- DATA SEGMENT -
○ ○ ○ ○ ○
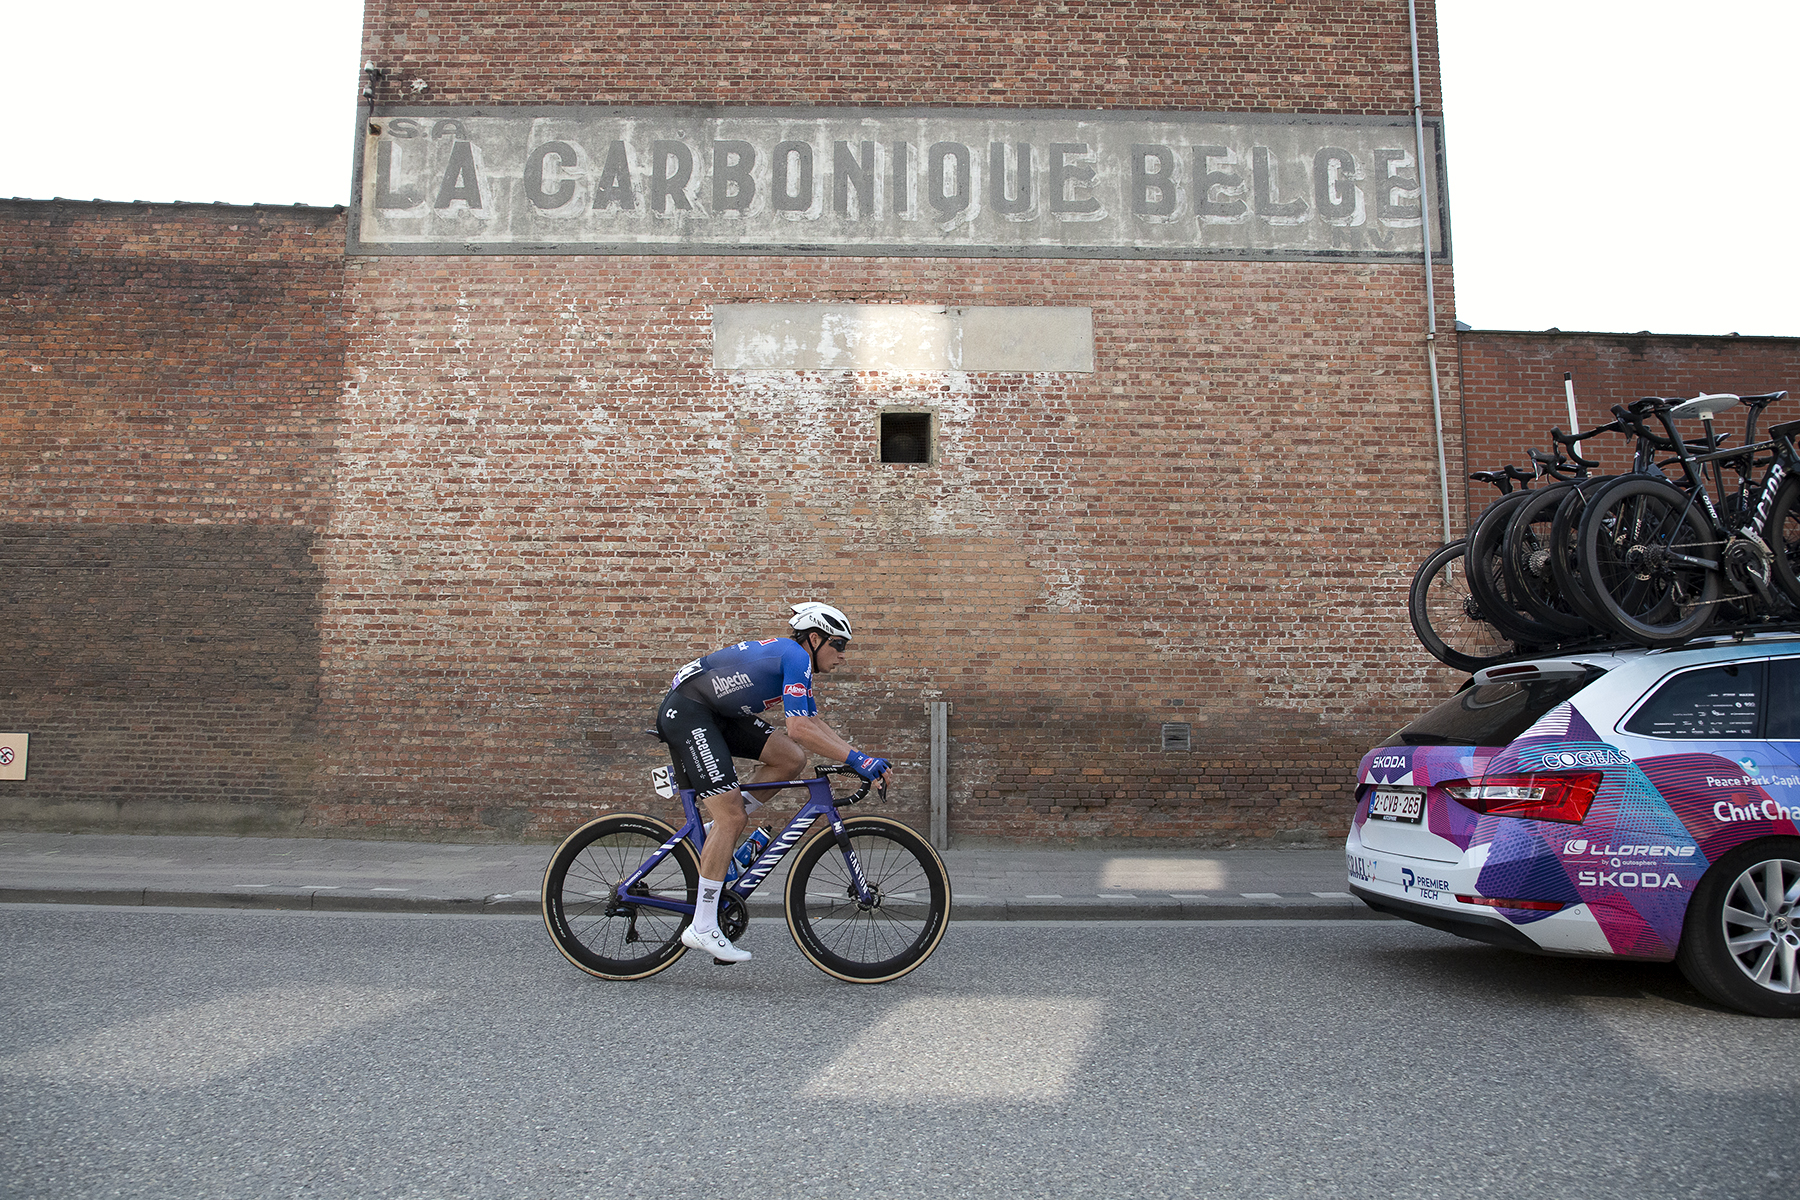 Scheldeprijs 2023 - Jasper Philipsen of Alpecin-Deceuninck passes a faded La Carbonique Belge sign on the side of a brick building
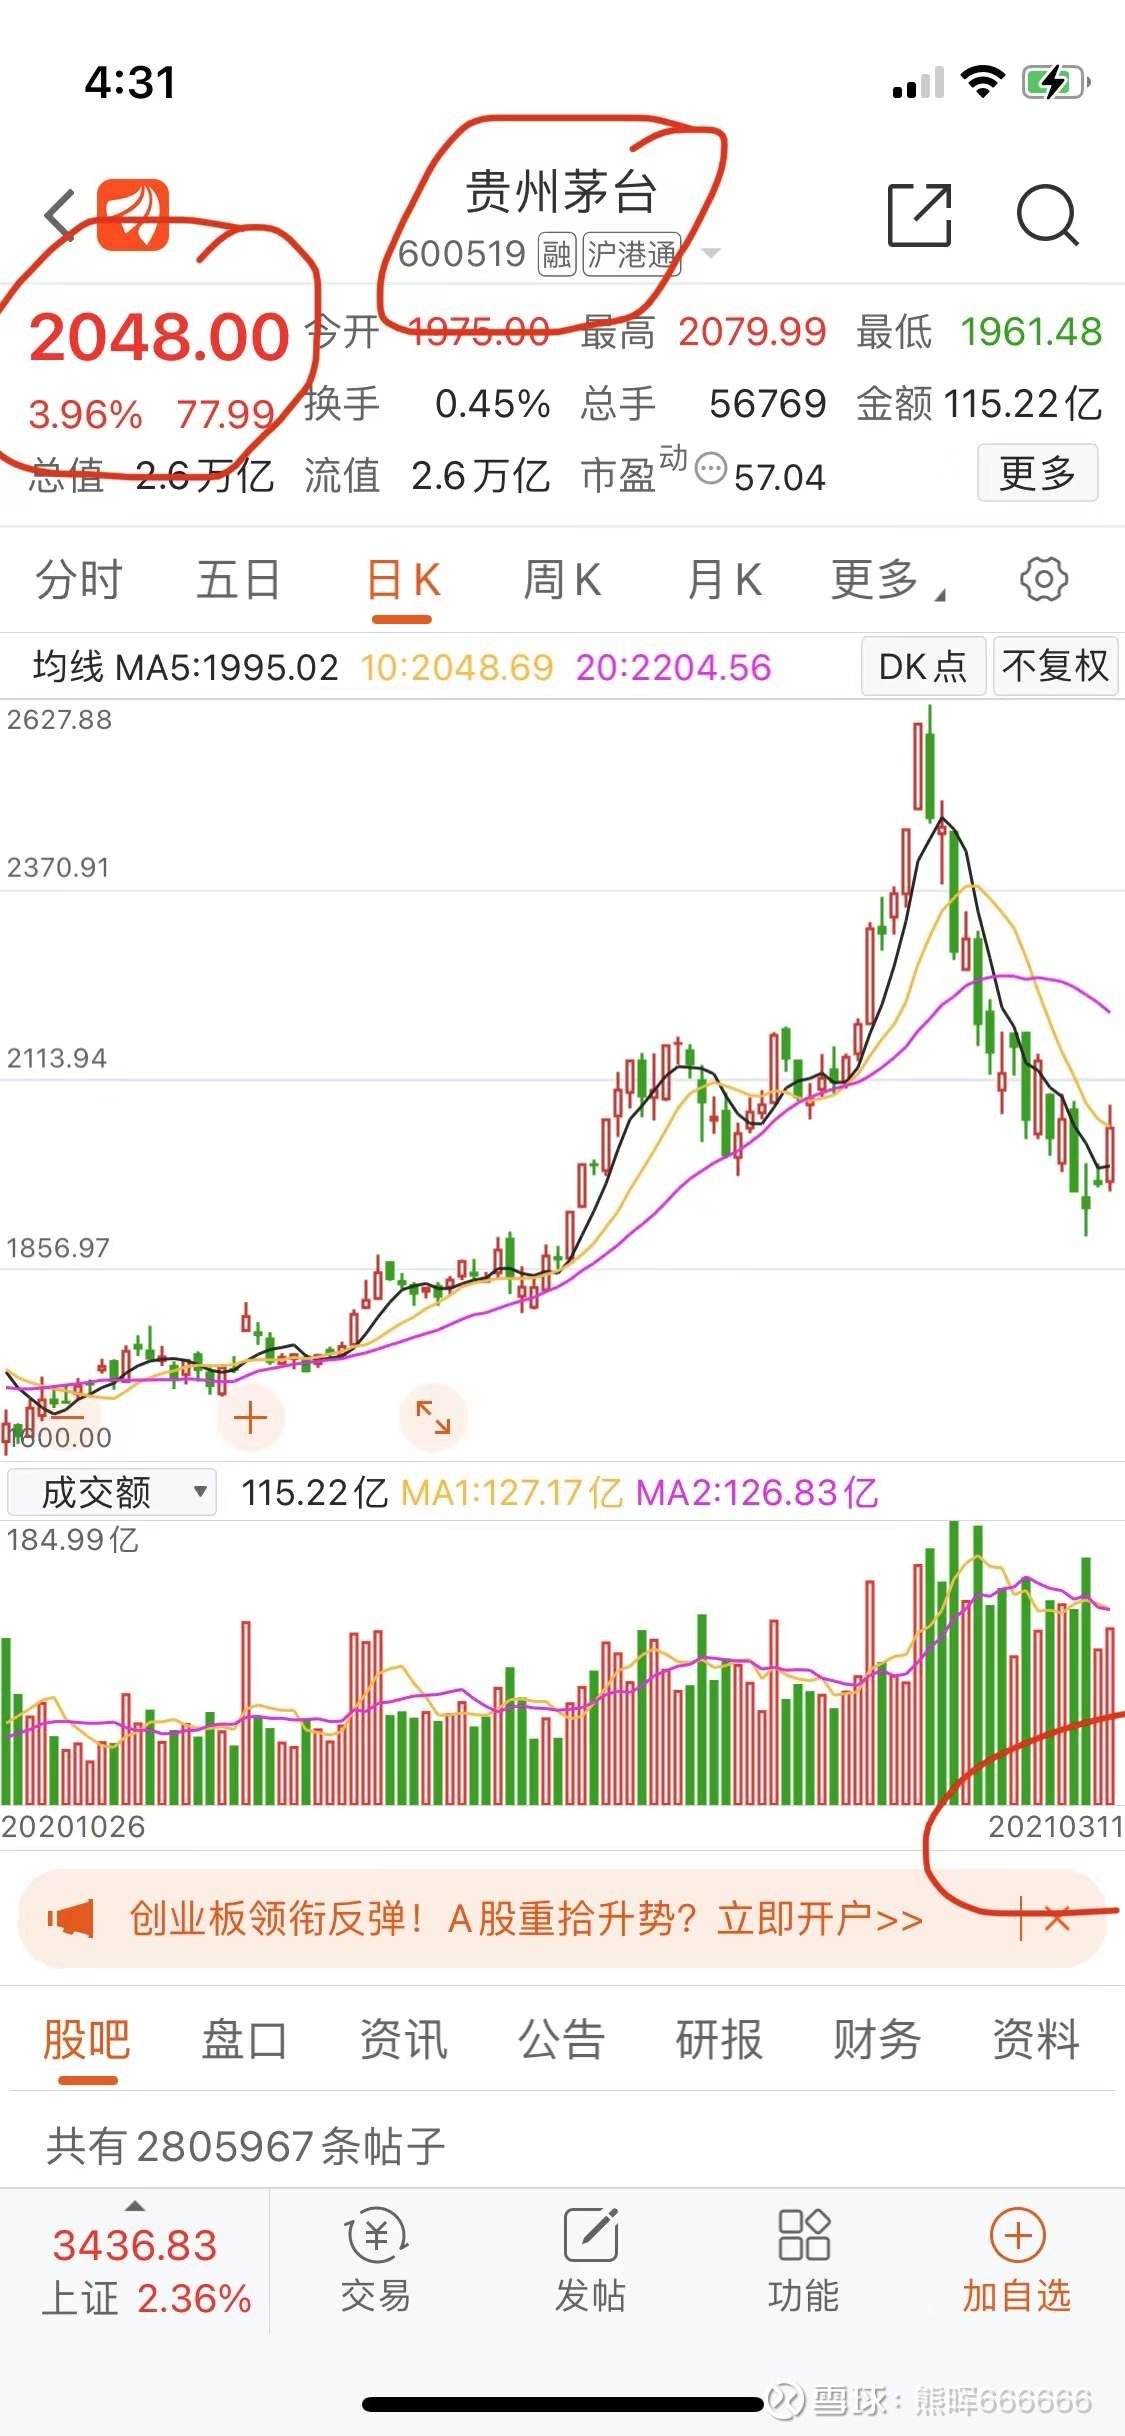 关于贵州茅台股票k线图贵州茅台股票10年走势的信息
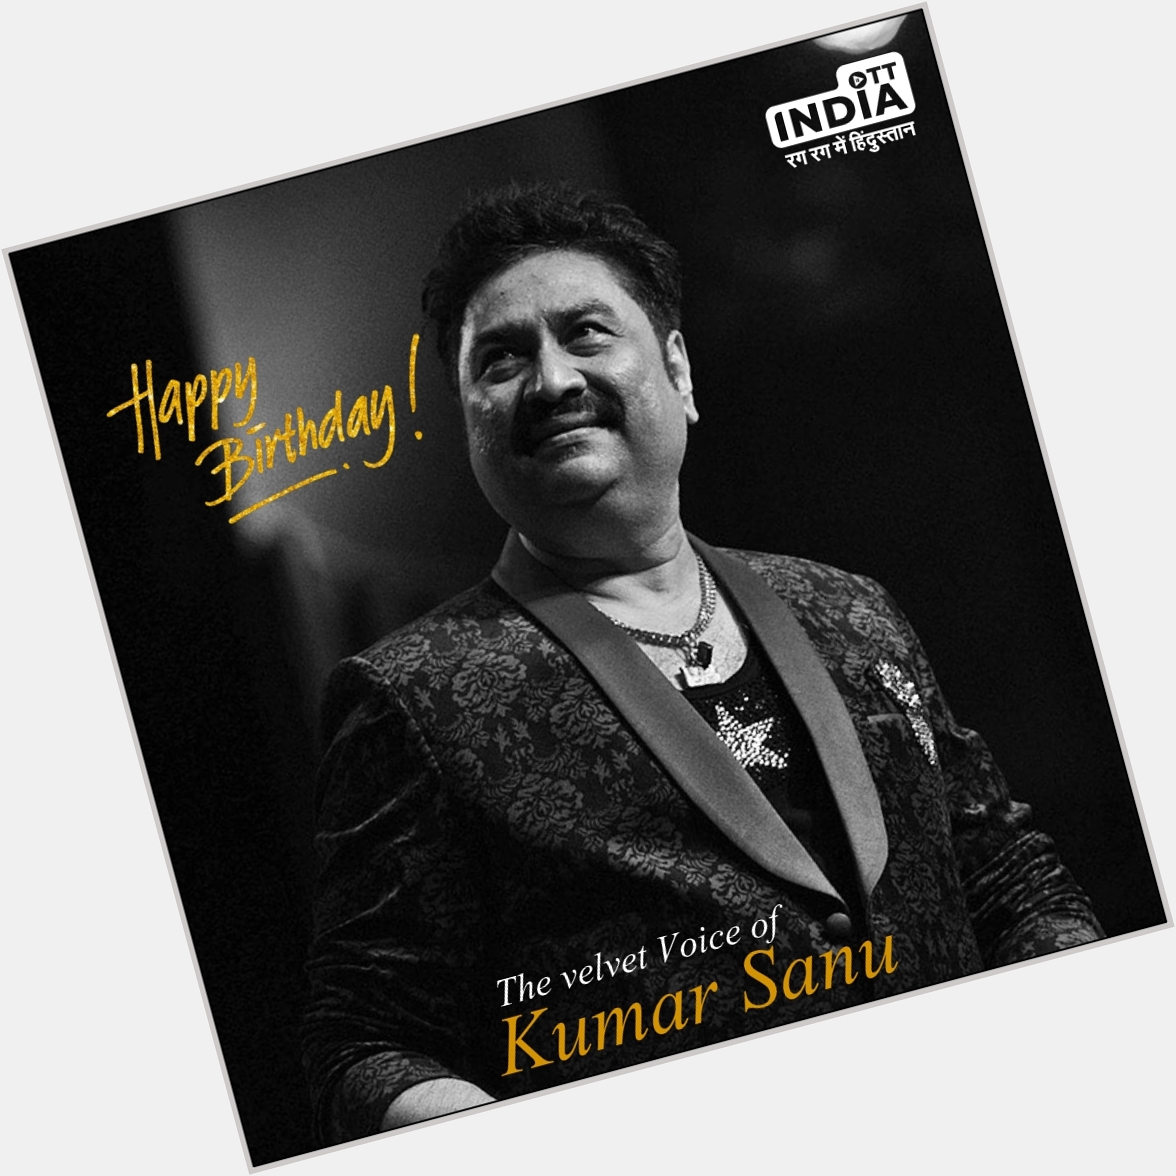 Happy birthday Kumar Sanu..
○ ○ ○ ○ ○
- PROBLEM -
From the first line to the last, copy the listing above exactly, dropping all images.

- OUTPUT BELOW -
 Scheldeprijs 2023 - Jasper Philipsen of Alpecin-Deceuninck passes a faded La Carbonique Belge sign on the side of a brick building
 关于贵州茅台股票k线图贵州茅台股票10年走势的信息
 Happy birthday Kumar Sanu..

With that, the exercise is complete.